Radical left Berkeley Law School Dean's annual student dinner disrupted by ceasefire student group

Dean Chemerinsky made national headlines last year when a video surfaced of him on X explaining to his class how he has secretly enacted a racial discrimination policy in faculty hiring, which has been made illegal in California.

Katie Daviscourt Seattle WA

On Tuesday, Berkeley Law School students were invited to an annual dinner at the dean's home, which was disrupted by a group of pro-Palestinian students who refused to leave after accusing the Jewish law professor of being a "white supremacist" and "Zionist." 

Dean Erwin Chemerinsky, who is a radical leftist, issued a statement about the incident which he said left him "saddened." The radical pro-Palestinian student group, "Berkeley Law 4 Palestine," falsely accused Chemerinsky's wife, who is also a law professor, of assaulting one of their activists when she tried to get the protesters to leave her home. 

"On April 9, about 60 students came to our home for the dinner. All had registered in advance. All came into our backyard and were seated at tables for dinner. While guests were eating, a woman stood up with a microphone, stood on the top step in the yard, and began a speech, including about the plight of the Palestinians," wrote Chemerinsky. 

"My wife and I immediately approached her and asked her to stop and leave. The woman continued. When she continued, there was an attempt to take away her microphone. Repeatedly, we said to her, that you are a guest in our home, please stop and leave. About 10 students were clearly with her and ultimately left as a group," he said. 

Chemerinsky explained that anti-Semitic flyers had surfaced on campus before the dinner, which included an image of him holding a bloody knife and fork along with the phrase, "No dinner with Zionist Chem while Gaza starves." 


The dean said that the students responsible for the flyers told the student government that if Chemerinsky did not cancel the dinner, then they would protest it. 

Despite the threats, Chemerinsky said that he would not be intimidated into canceling the event and believed that if any protests were to break out, they wouldn't be disruptive. While he didn't agree with the "deeply offensive" anti-Semitic flyers, Chemerinsky said they were protected speech under the First Amendment of the US Constitution. 

"The dinner, which was meant to celebrate graduating students, was obviously disrupted and disturbed. I am enormously sad that we have students who are so rude as to come into my home, in my backyard, and use this social occasion for their political agenda," wrote Chemerinsky. 

After the event, the pro-Palestinian student group sent an email to University of Berkeley officials and claimed that Chemerinsky's wife, Professor Catherine Fisk, assaulted one of their members when she attempted to have them leave her home. 

The student group claimed that Fisk placed one of their activists into a "chokehold" and "tightened" her hijab "around her neck." They also claimed that Fisk sexually assaulted the activist by touching her breasts. 

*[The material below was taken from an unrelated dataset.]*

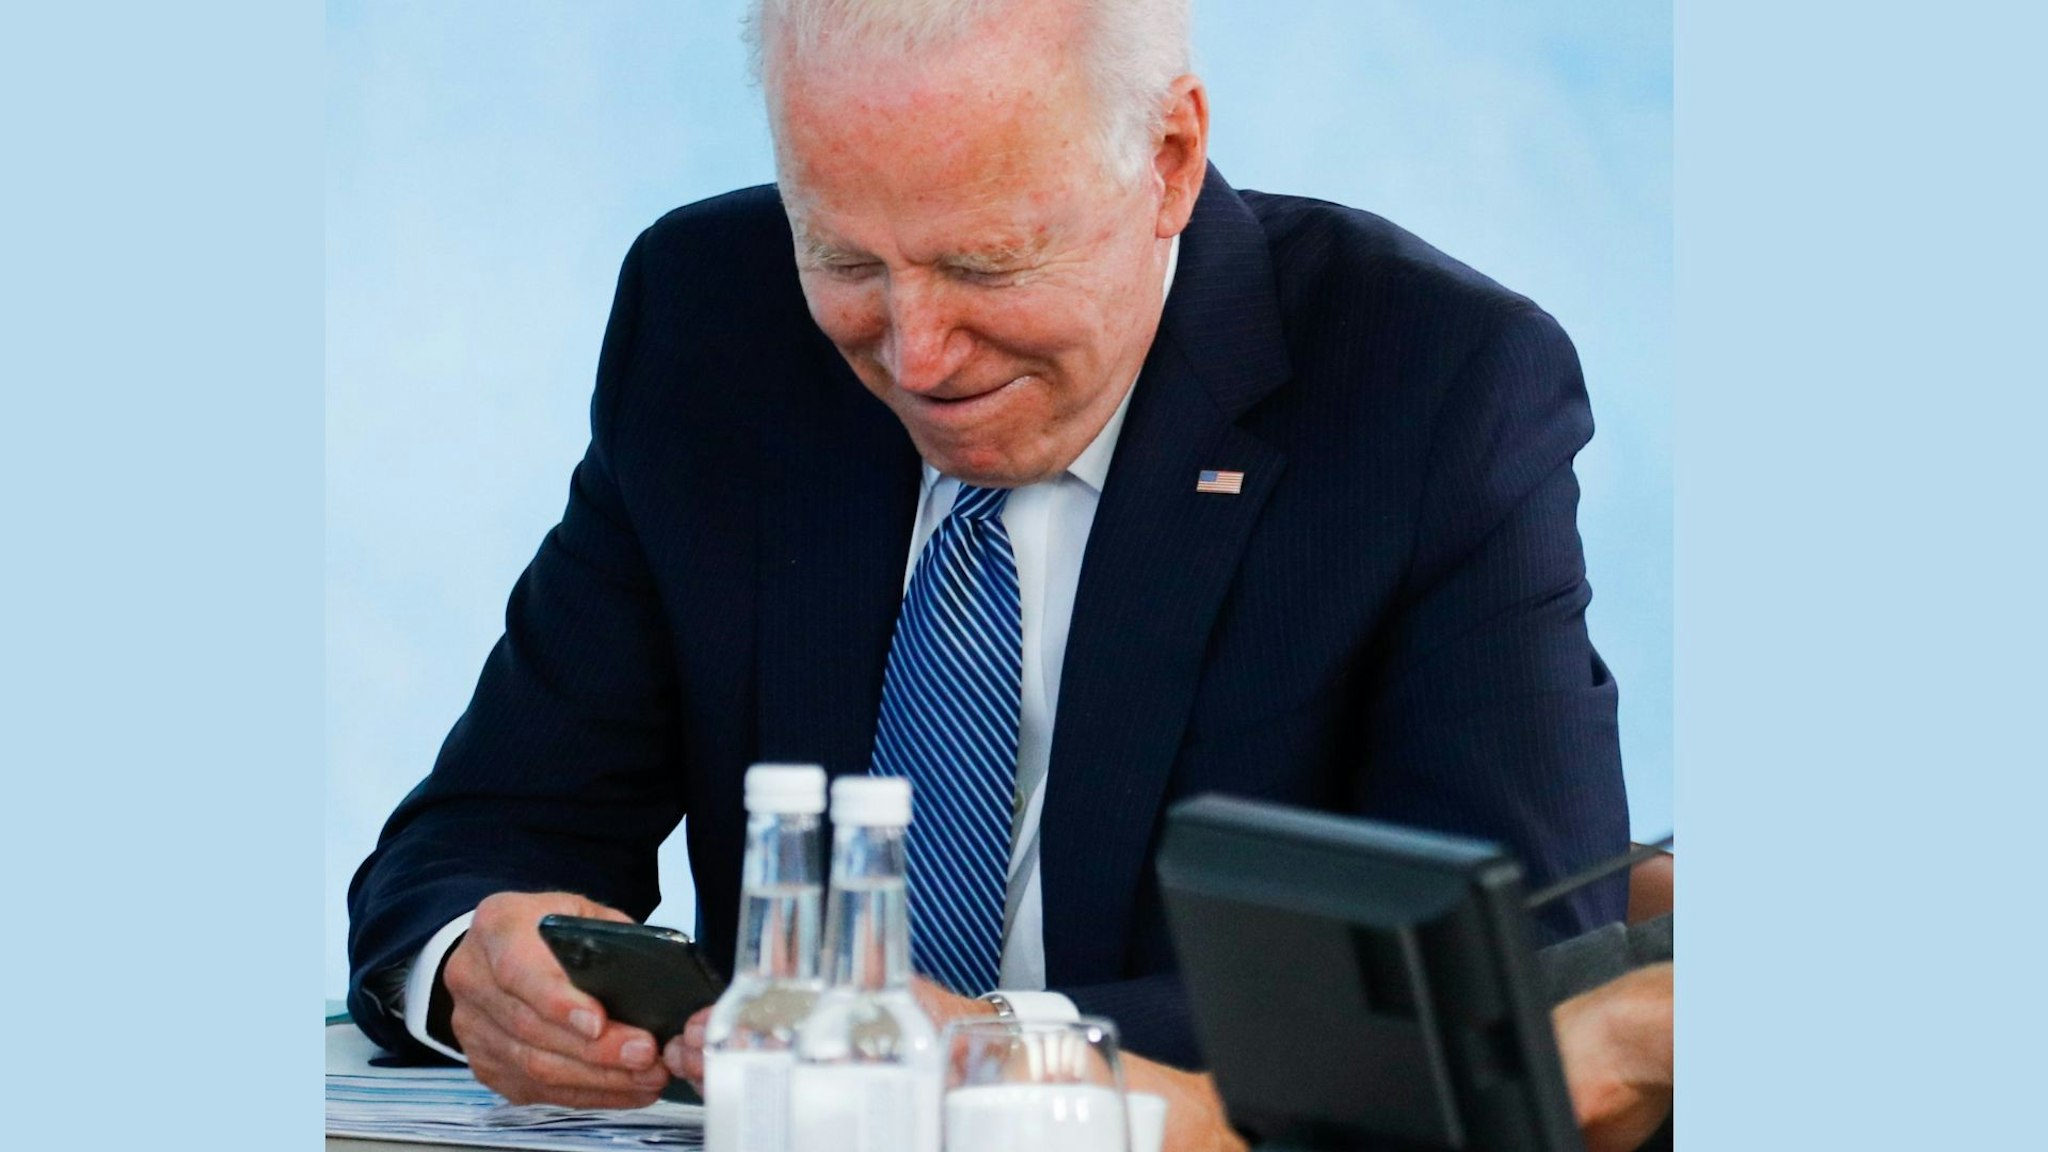 CARBIS BAY, CORNWALL - JUNE 13: U.S. President Joe Biden reads his phone as he attends a plenary session during G7 summit in Carbis Bay on June 13, 2021 in Cornwall, United Kingdom. UK Prime Minister, Boris Johnson, hosts leaders from the USA, Japan, Germany, France, Italy and Canada at the G7 Summit.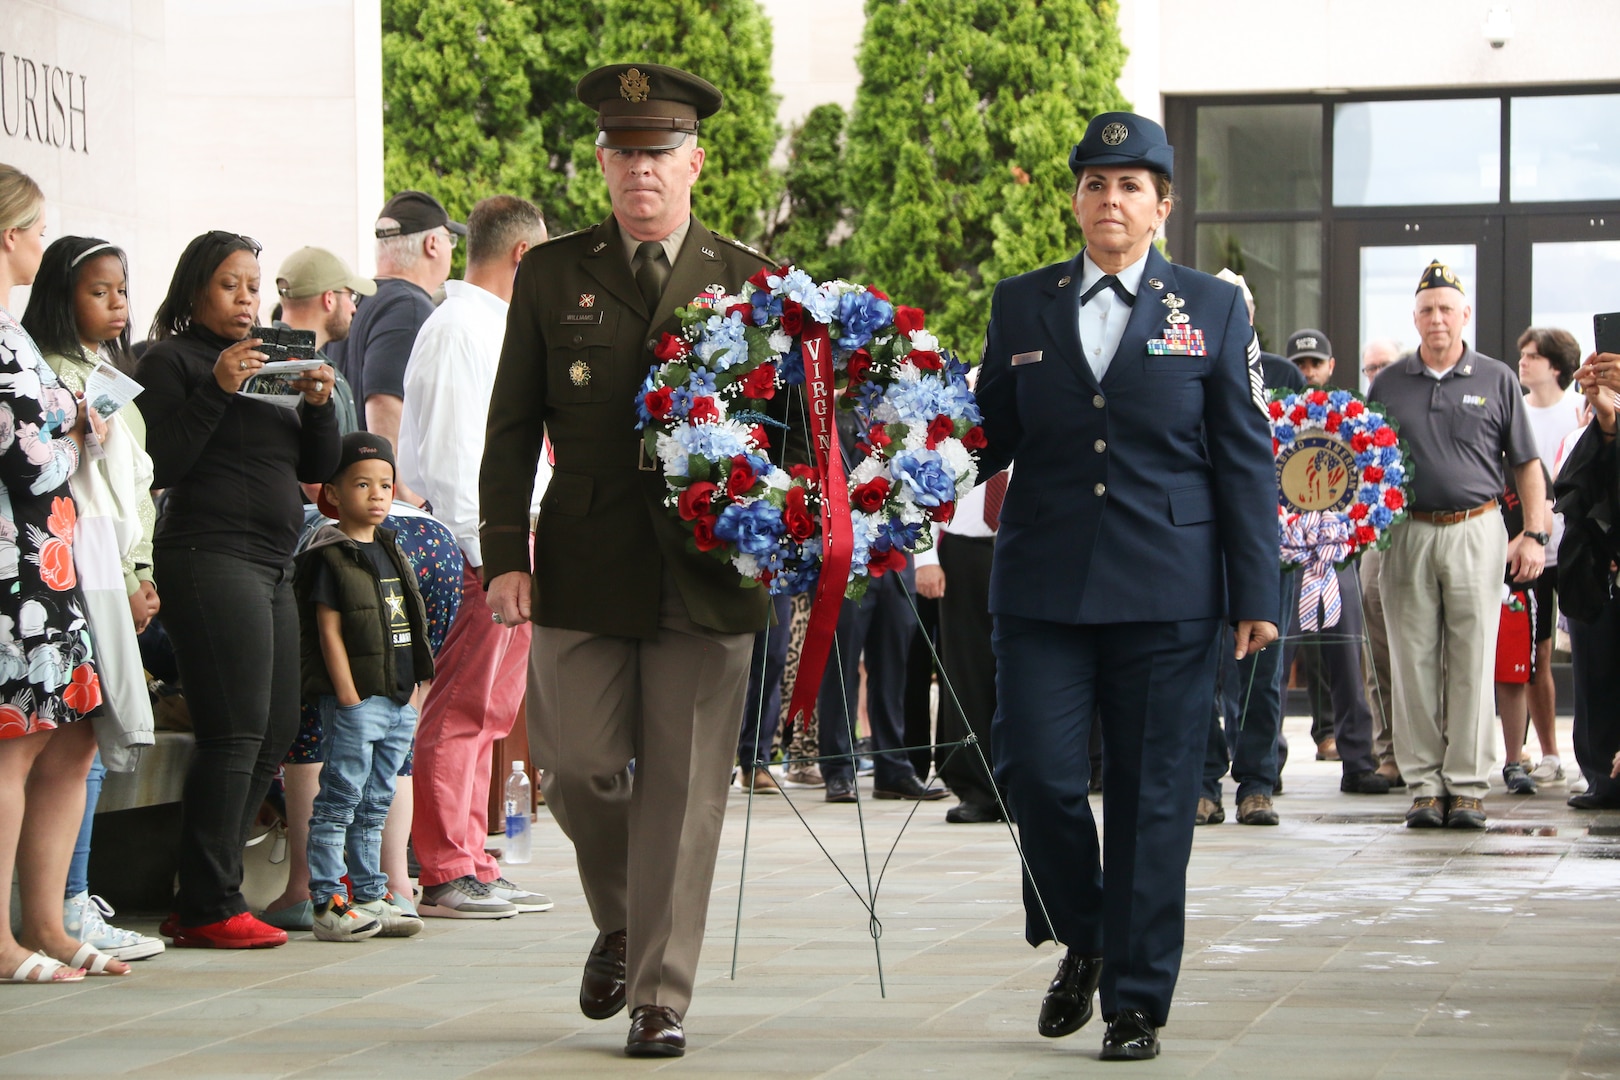 Fallen service members honored, remembered at Commonwealth’s 67th Annual Memorial Day Ceremony

However, video footage of the incident did back up the student group's claims. 

Dean Chemerinsky made national headlines last year when a video surfaced of him on X explaining to his class how he has secretly enacted a racial discrimination policy in faculty hiring, which has been made illegal in California. 

In the video, Chemerinsky told his students, "If I'm ever deposed, I'm going to deny I said this to you." 

Despite the disruption on Tuesday, Chemerinsky said that there are two additional student dinners planned for April 10 and April 11 which will go forward as planned.